In Enniscrone, the Ceol Na Mara B&B was quite lovely, and with walking distance to the course. Margaret’s Cottage in Ardglass might be the best-located golf B&B in Ireland, unless you count Baltray, where they let you sleep upstairs in the clubhouse. The Carriage House in Dundrum was just a few miles from Royal County Down, and for a B&B without so much as a sign out front, it has been one of my favorite surprises. Immaculate rooms, and a garden breakfast room that you would never imagine when eyeing the house from main street.
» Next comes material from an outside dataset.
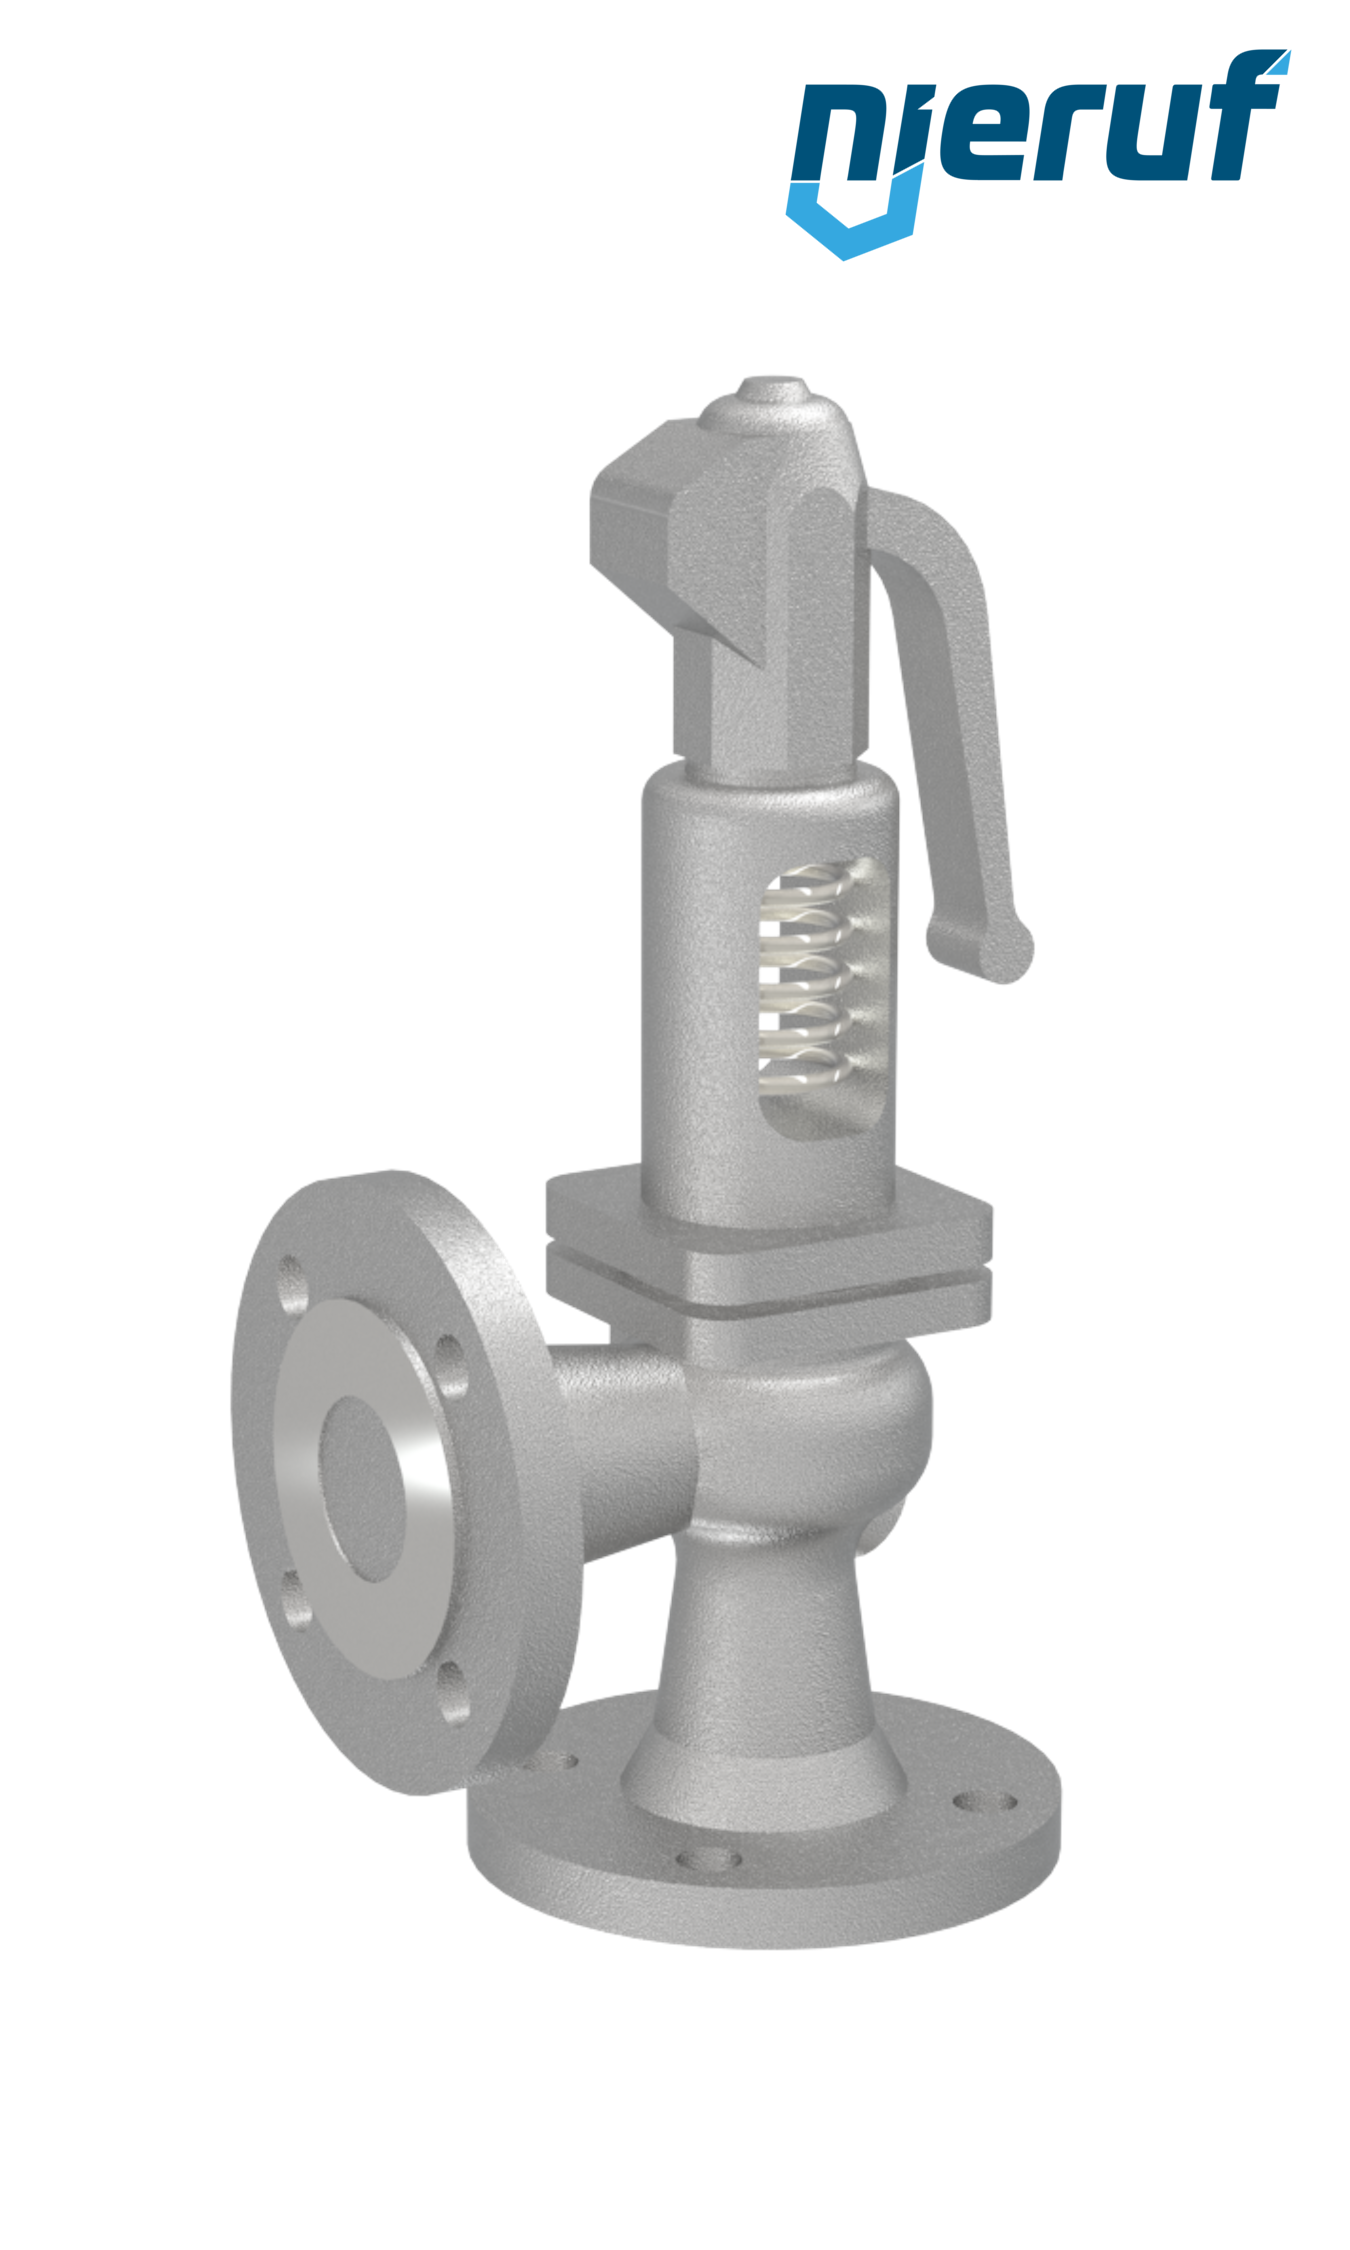 flange-safety valve DN65/DN65 SF0102, cast iron EN-JL1040 FPM, with lever

In Kinsale, the Desmond House was pricey but fantastic, and worth the money to stay in what I consider Ireland’s perfect town. We absolutely loved the Strand House in Portstewart-new and clean, a block from the course, storage for your clubs, breakfast menu where full Irish is only a last resort-and above all, flat screen TV’s (after a summer spent with four channels, I’m a sucker for a flat screen). And though it’s not next to any major links, we also loved the Fernroyd House in Cork City, modern but quaint, and as warm a host as I’ve had in Ireland.
And the places not to stay, where your breakfast might end up in your pocket? I’ll save that story for later, when I’m safely off these roads. As long as I’m over here car-dodging, your full Irish is fine with me.